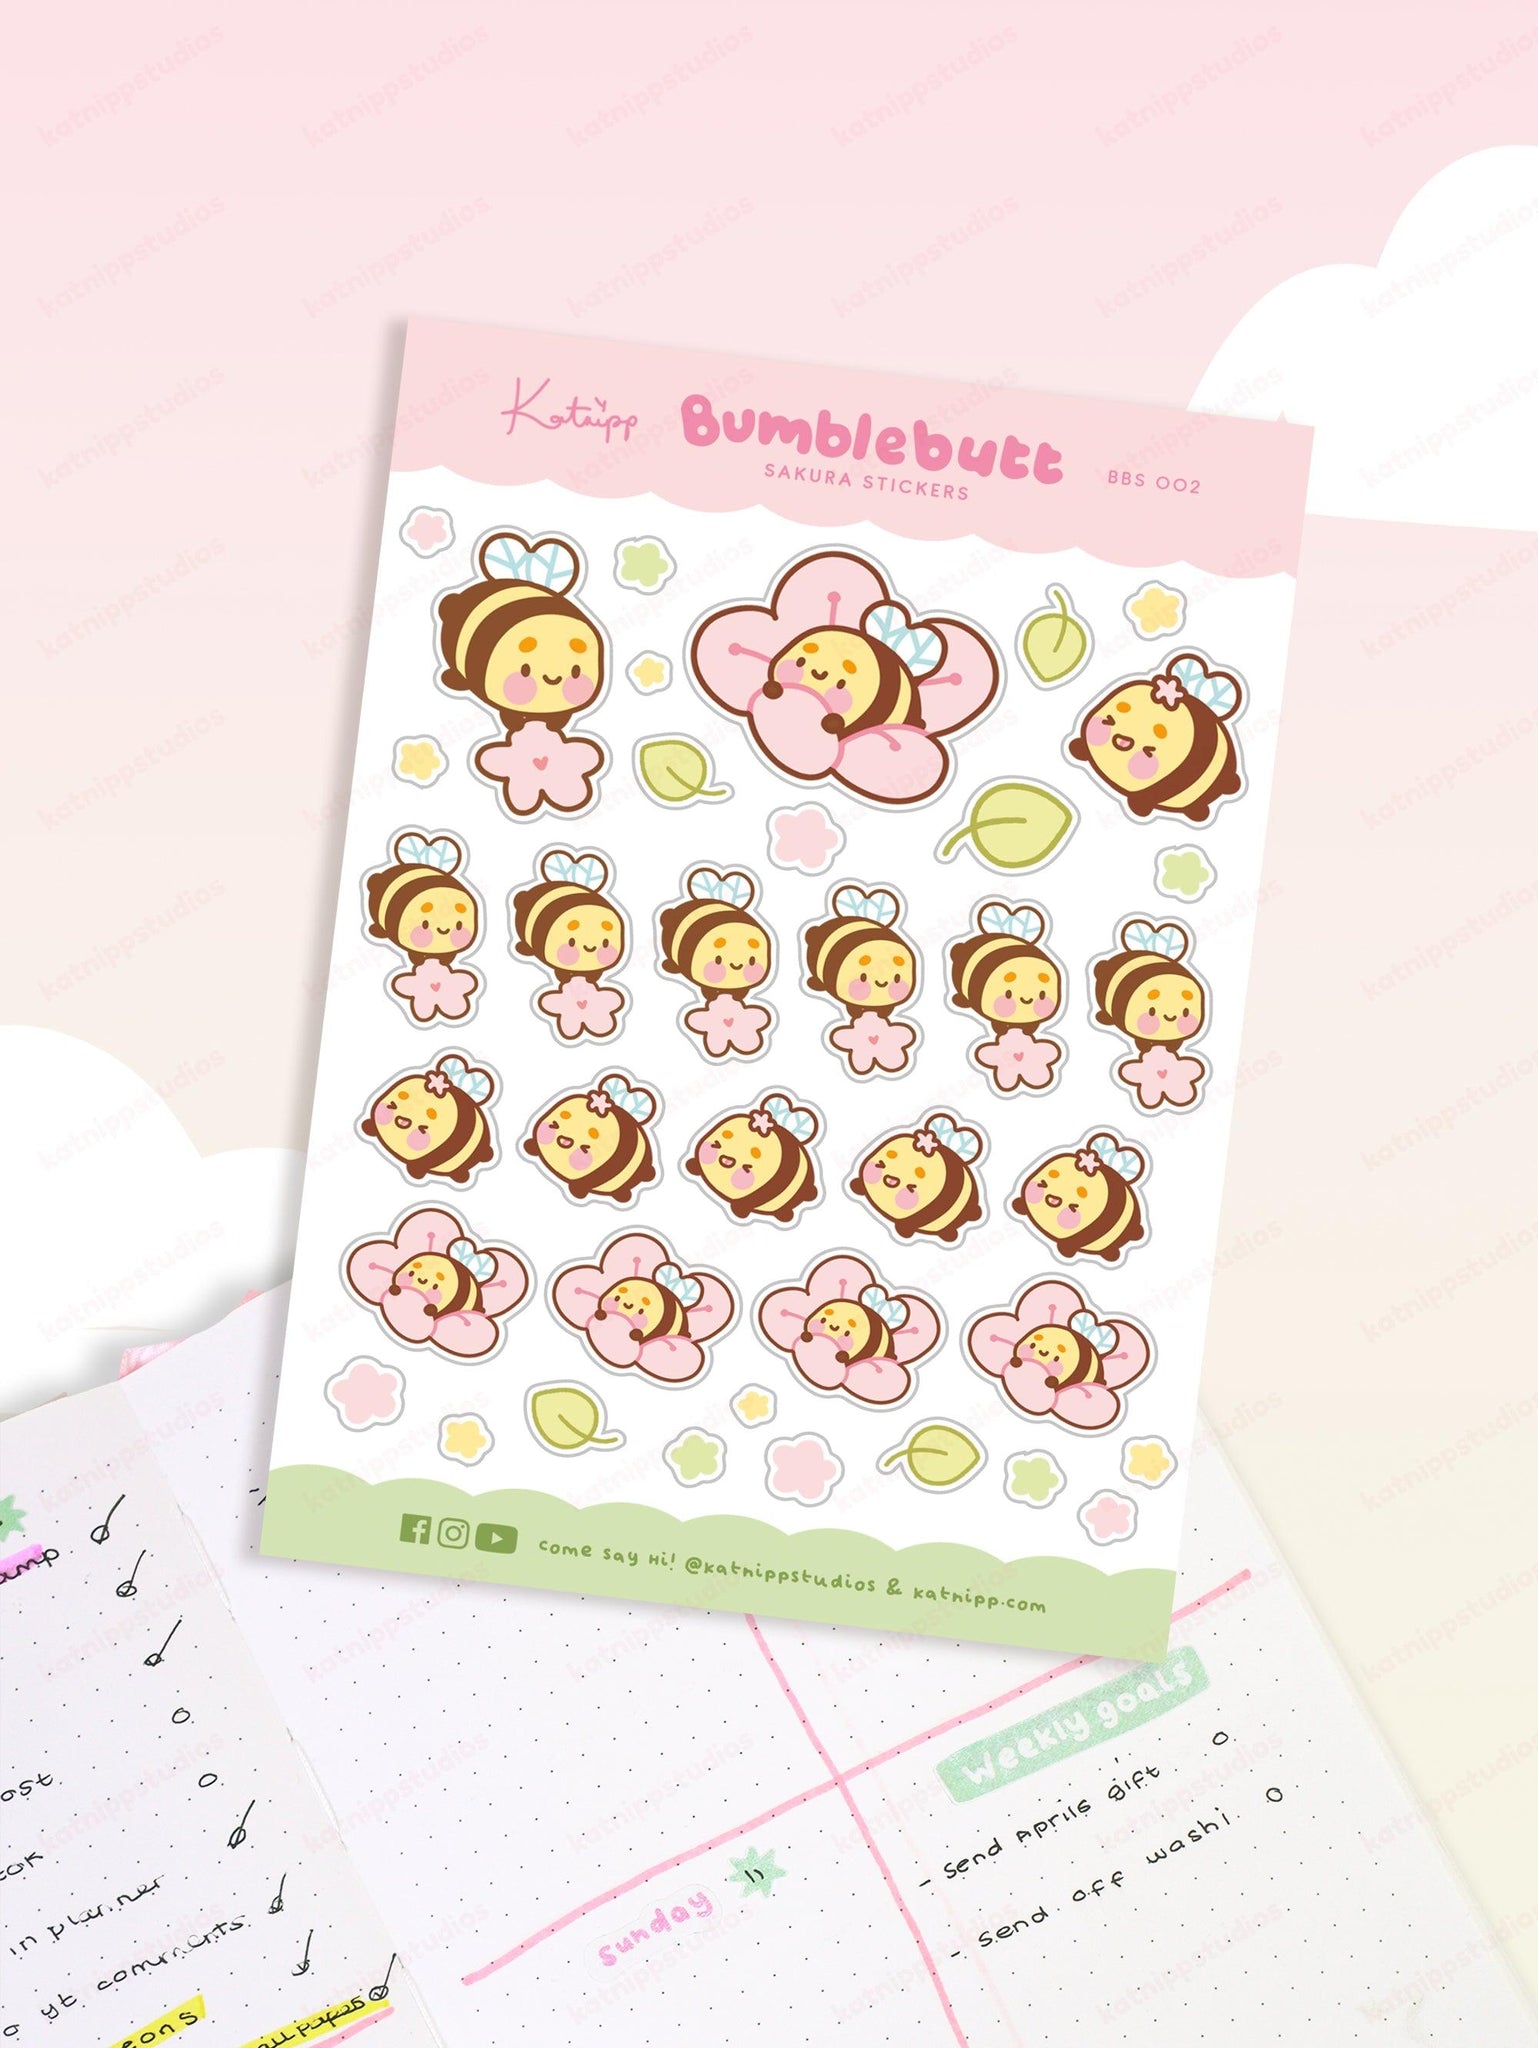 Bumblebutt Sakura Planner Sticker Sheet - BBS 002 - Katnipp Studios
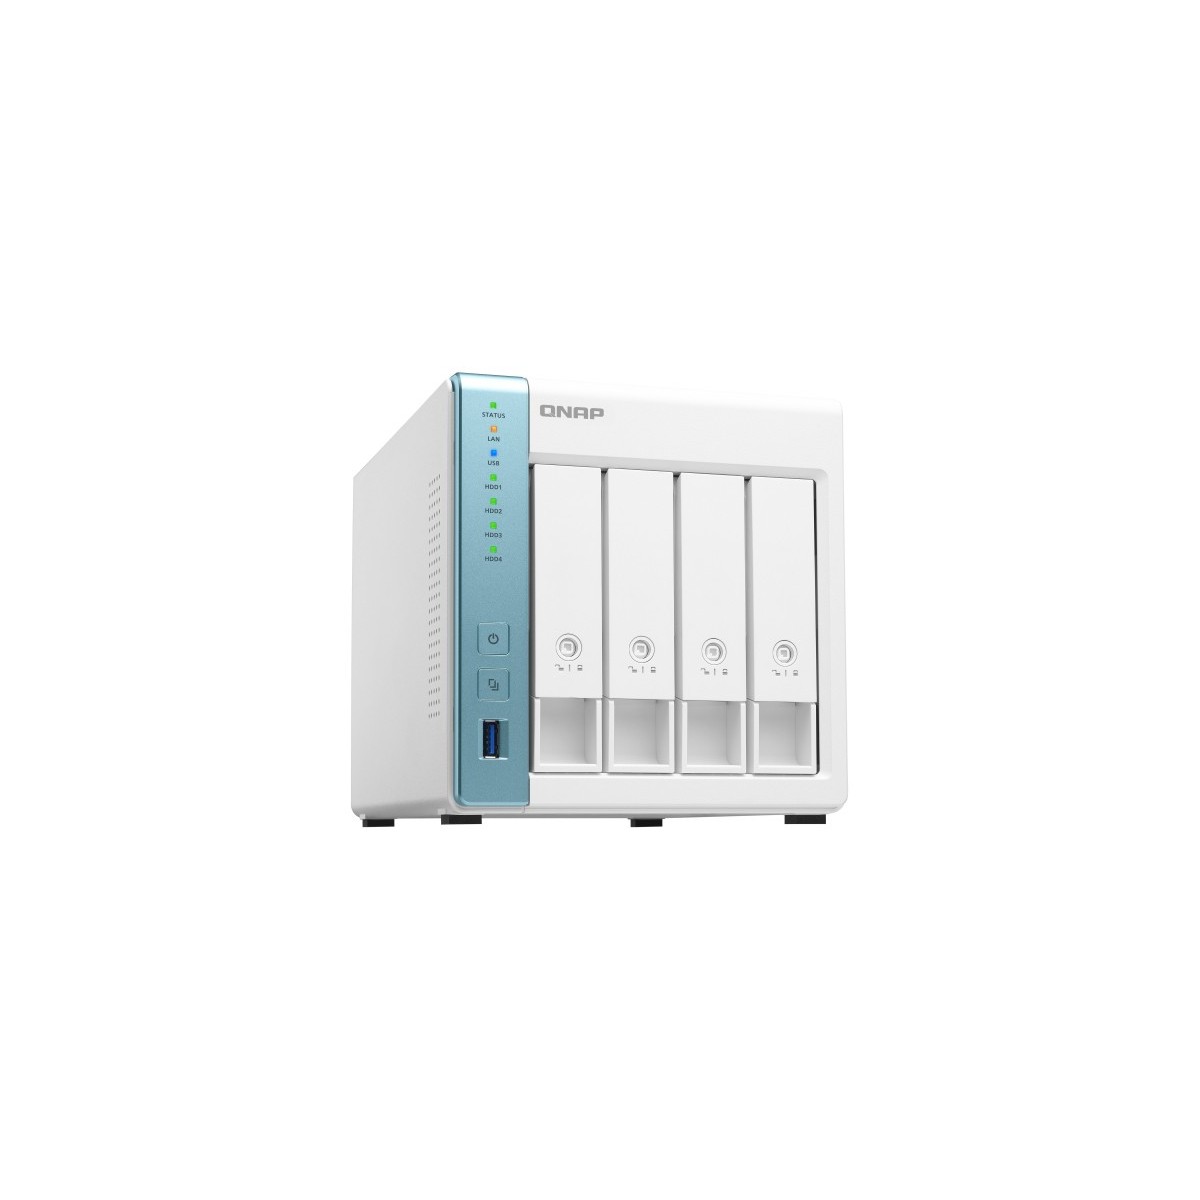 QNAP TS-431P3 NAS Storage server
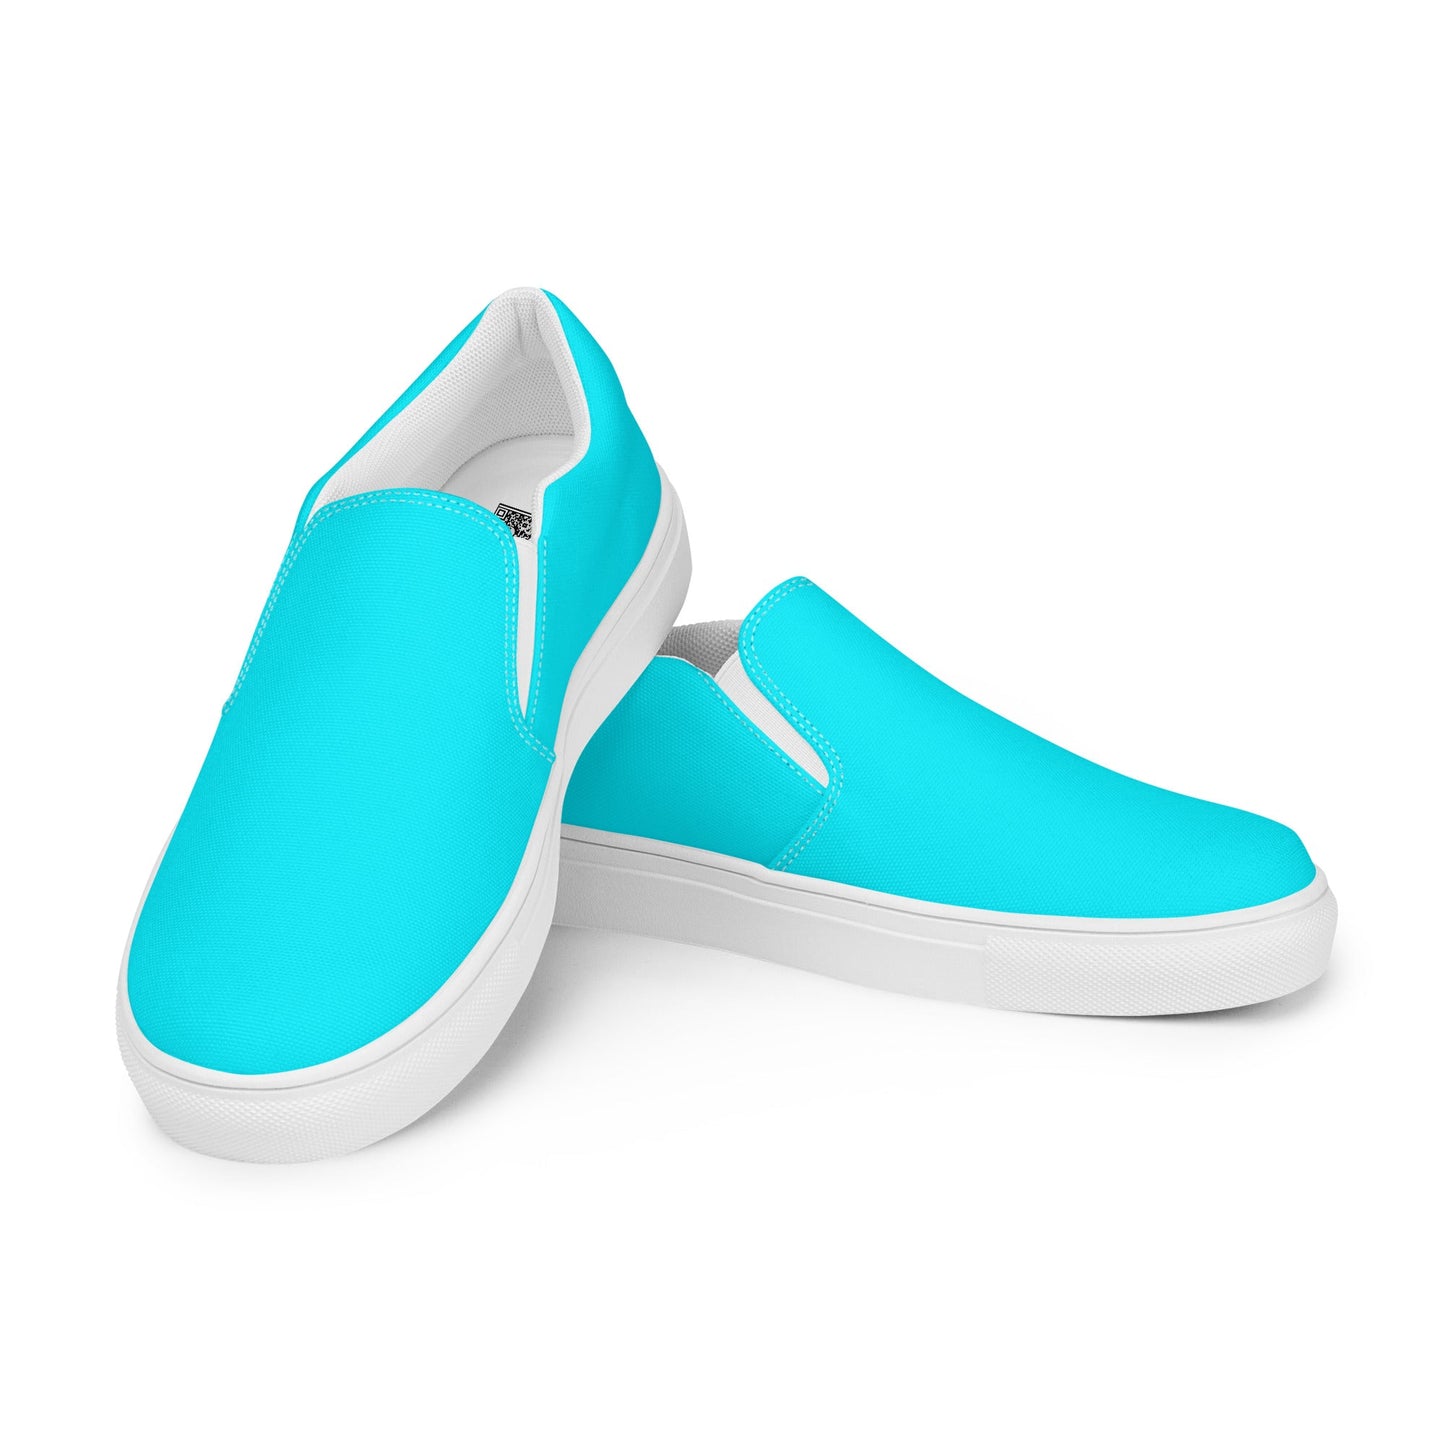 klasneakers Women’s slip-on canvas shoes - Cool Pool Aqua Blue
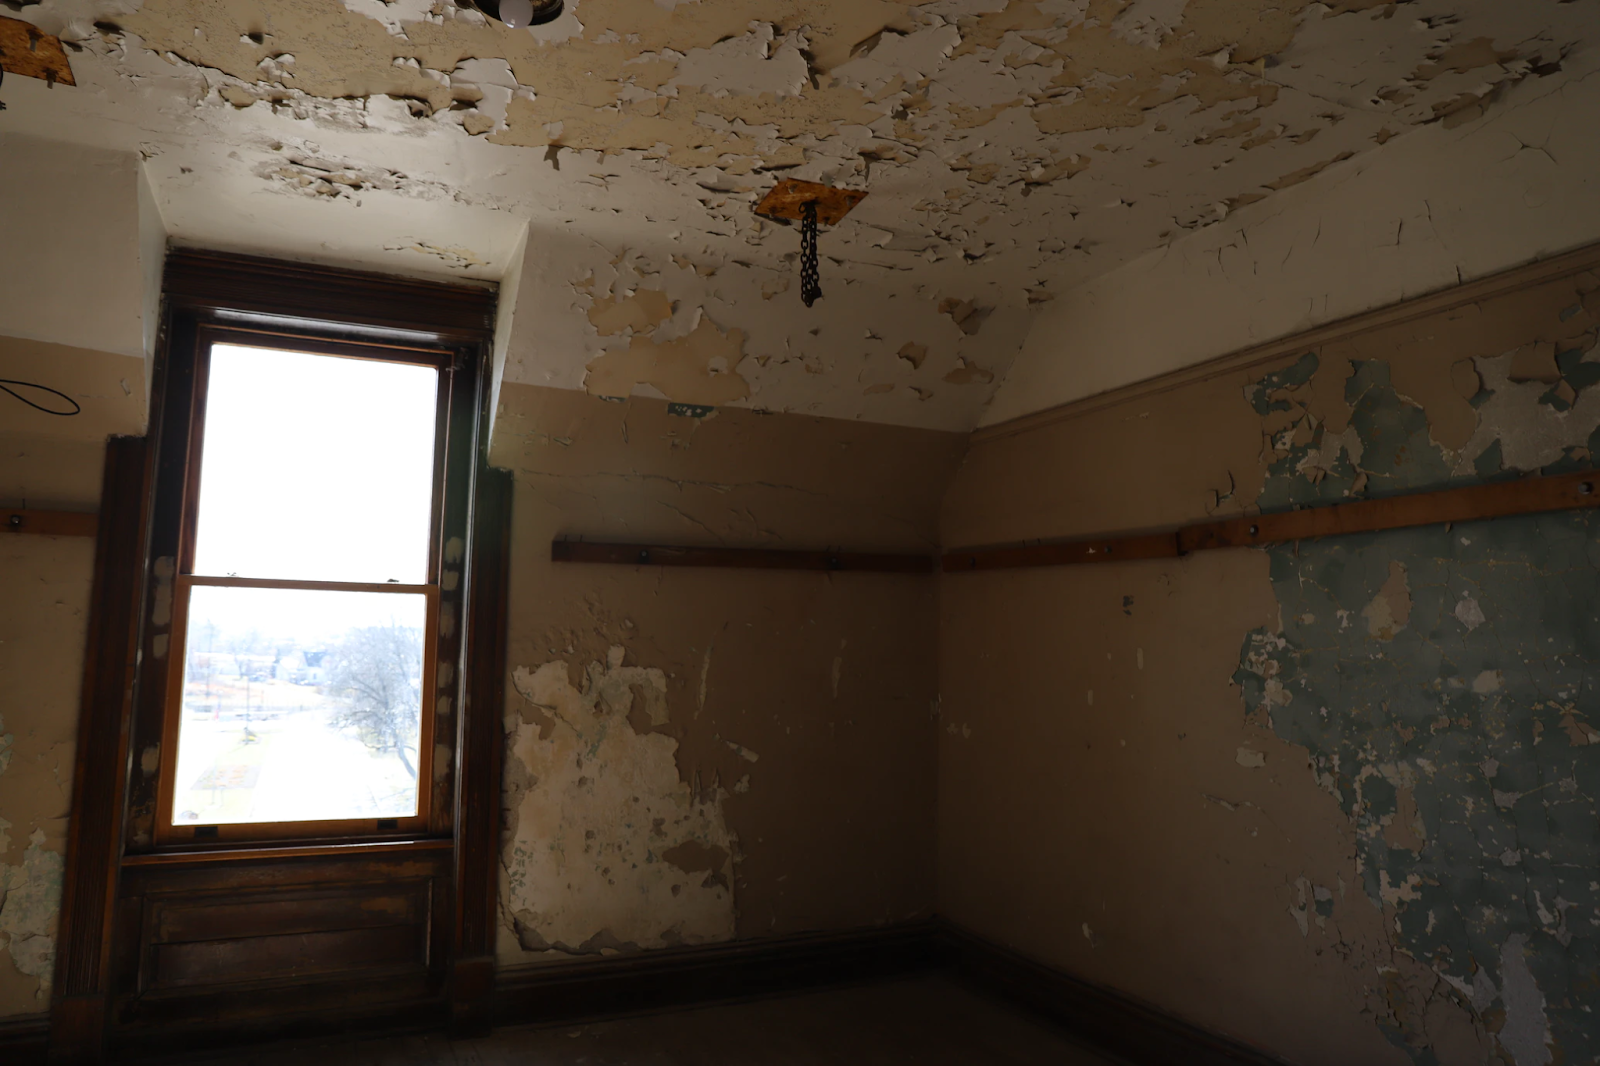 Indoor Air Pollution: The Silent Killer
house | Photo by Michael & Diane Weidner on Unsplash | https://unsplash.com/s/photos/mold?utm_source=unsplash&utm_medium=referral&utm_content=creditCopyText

--

- [Instructions for the task]
The entries above need to be printed again exactly; please exclude all pictures.

- [Solution to this task]
 Bumblebutt Sakura Planner Sticker Sheet - BBS 002 - Katnipp Studios
 QNAP TS-431P3 NAS Storage server
 klasneakers Women’s slip-on canvas shoes - Cool Pool Aqua Blue
 Indoor Air Pollution: The Silent Killer
house | Photo by Michael & Diane Weidner on Unsplash | https://unsplash.com/s/photos/mold?utm_source=unsplash&utm_medium=referral&utm_content=creditCopyText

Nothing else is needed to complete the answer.